### Supplied information
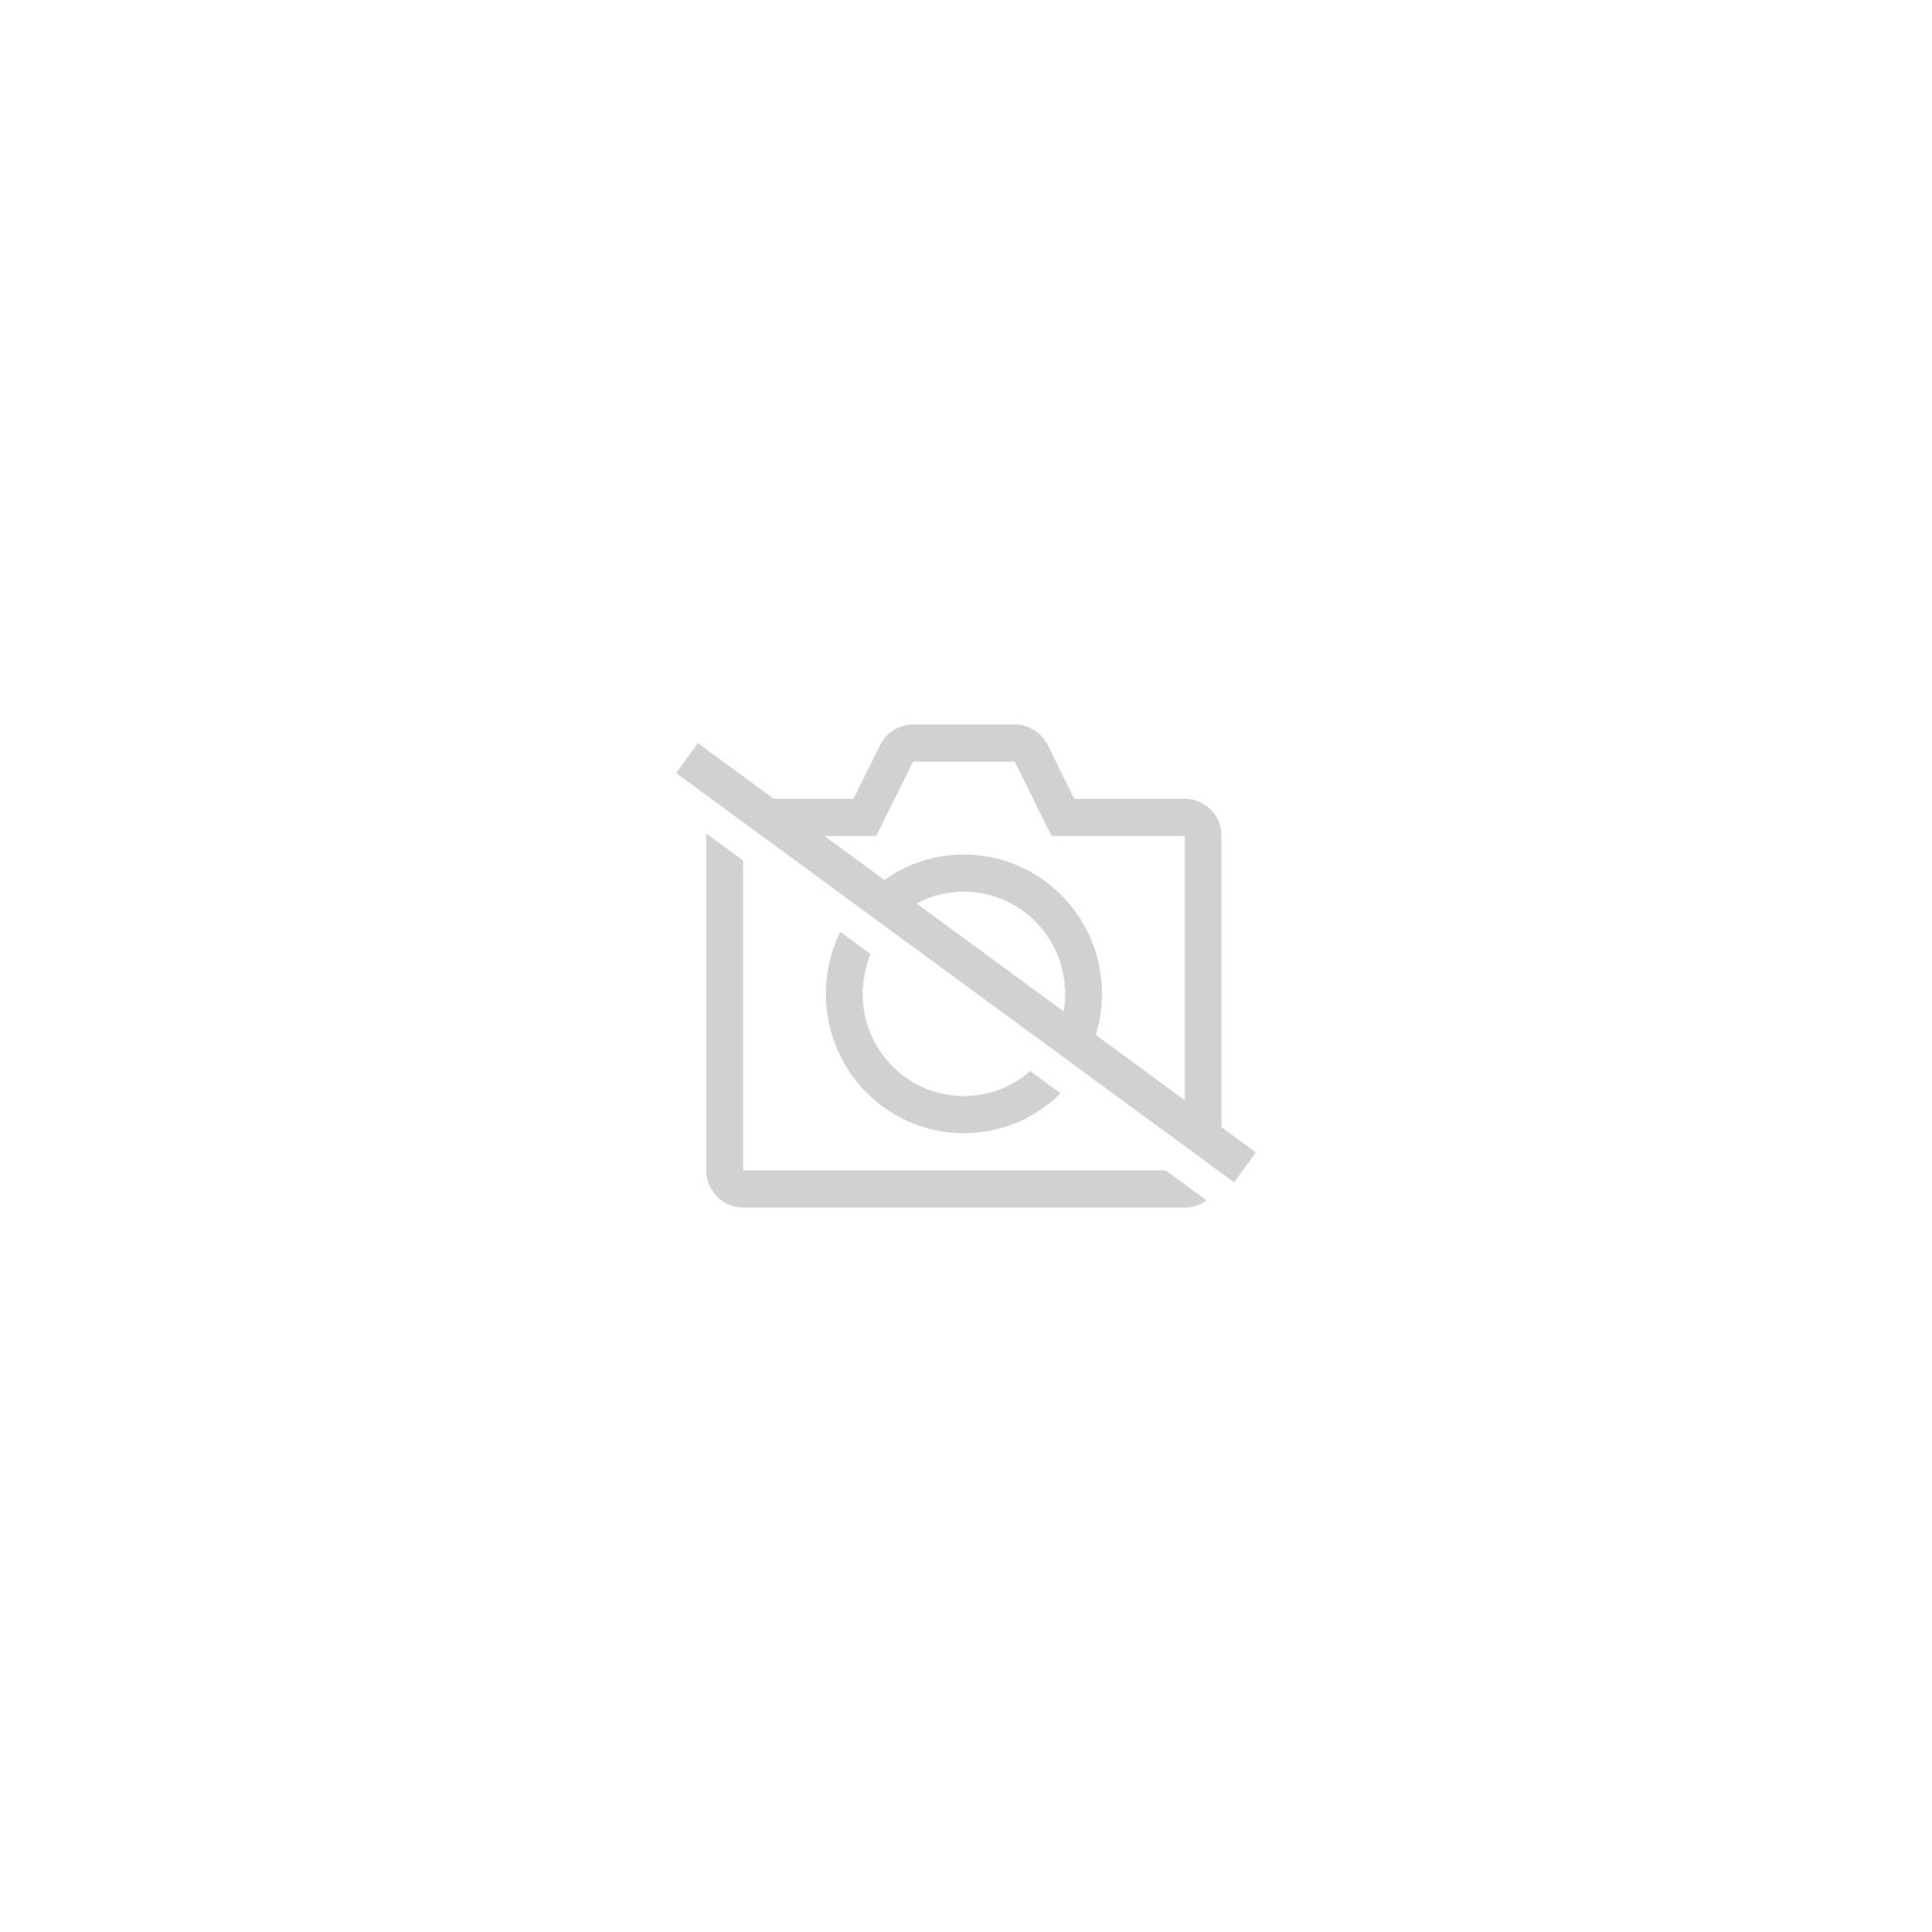 Vente Dunlop Dunlop Fuzz Face Jimi Hendrix - Jhf1
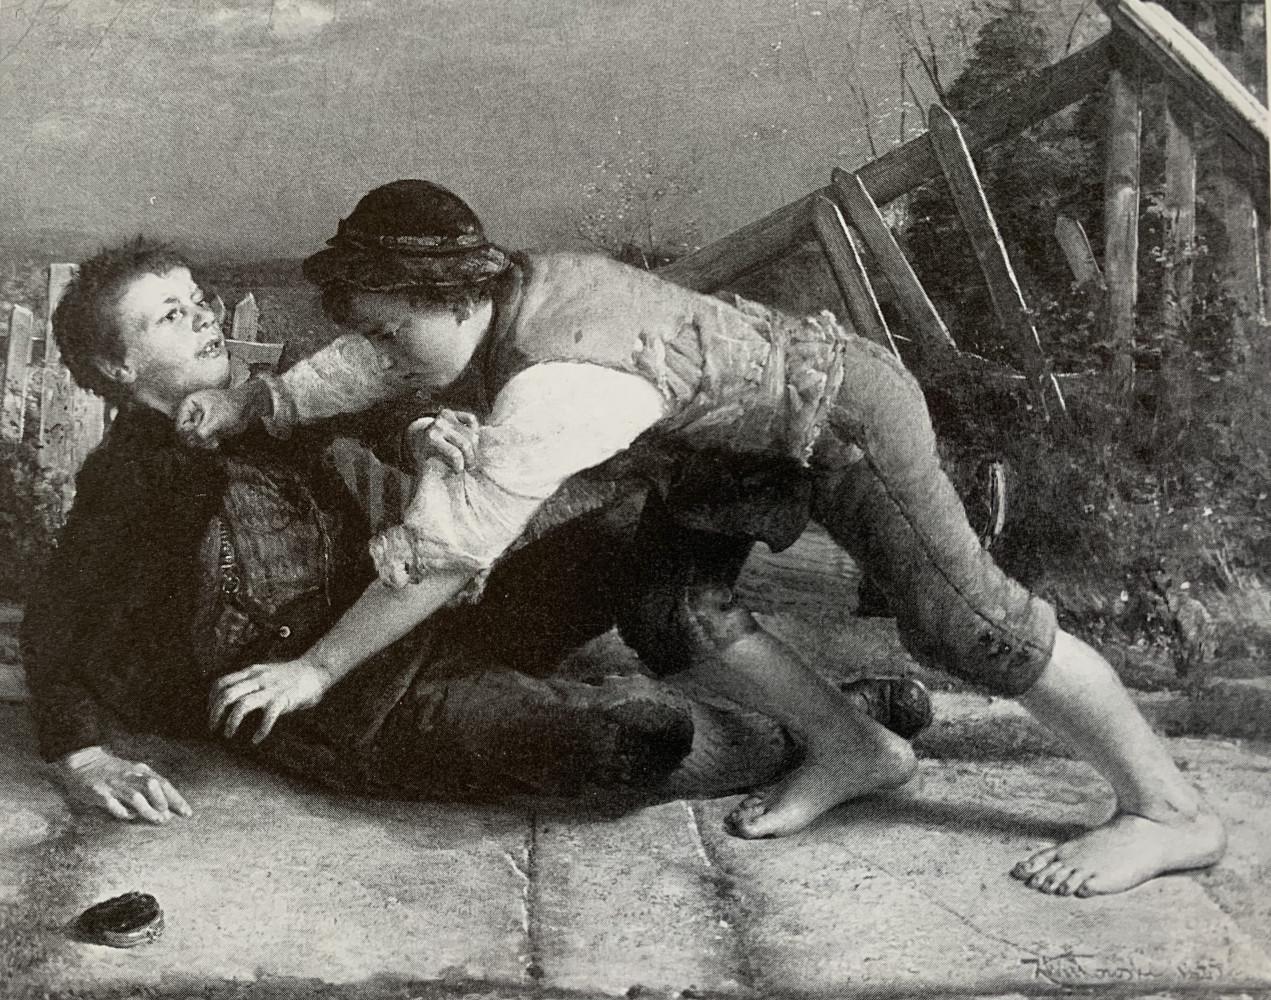 Children Fighting by Karol (Karl) D. Witkowski
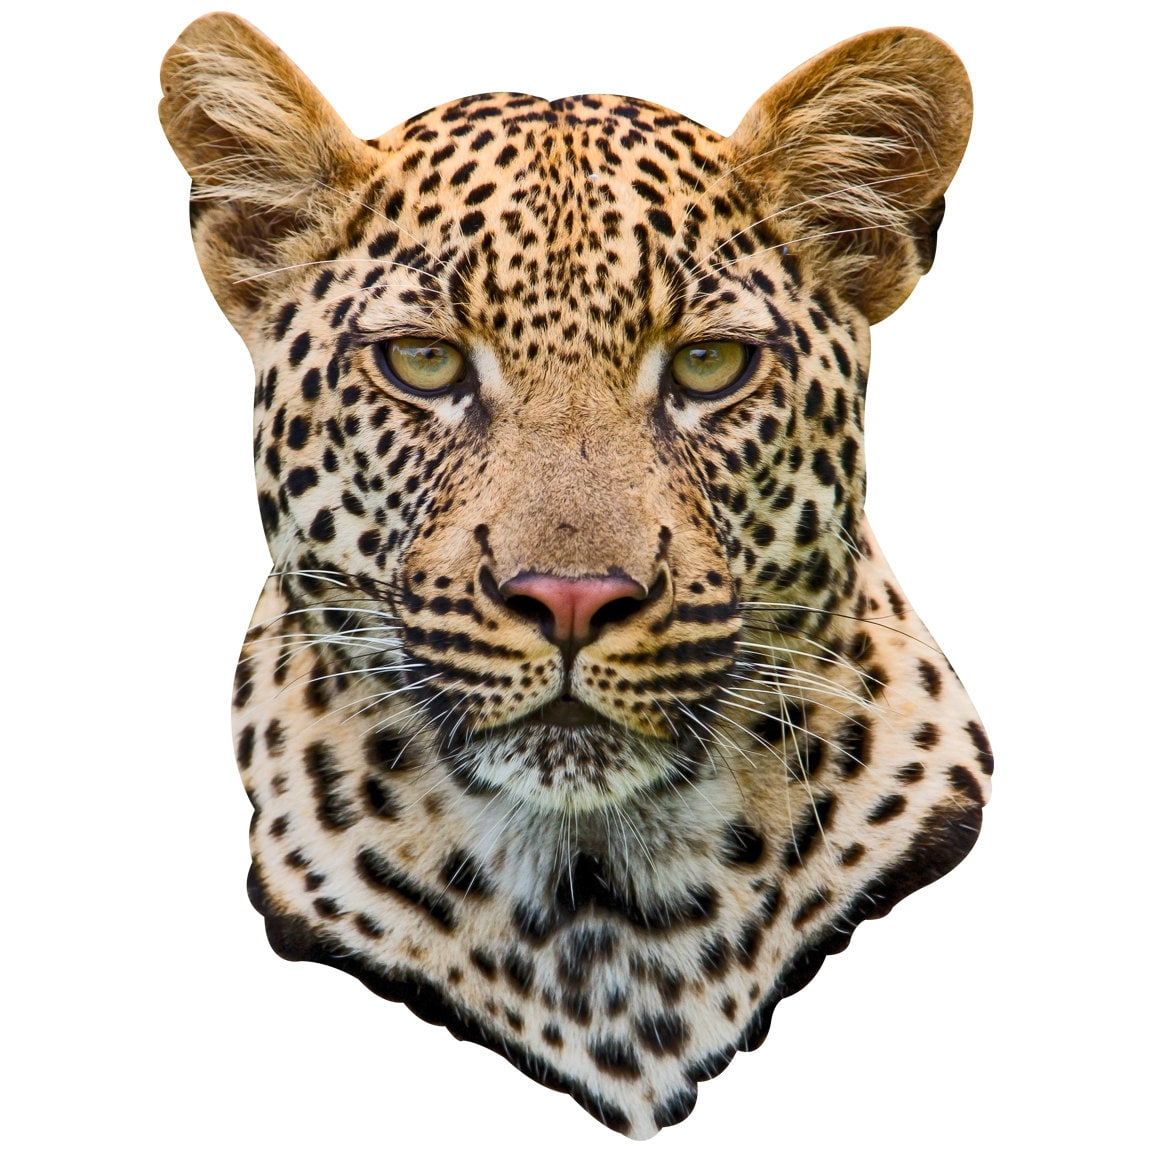 морда леопарда фото рисунок симптома является

### Instructions to follow
Only the pictures are dropped. Otherwise, write out the listing exactly.

### Task answer
 Vente Dunlop Dunlop Fuzz Face Jimi Hendrix - Jhf1
 Children Fighting by Karol (Karl) D. Witkowski
 морда леопарда фото рисунок симптома является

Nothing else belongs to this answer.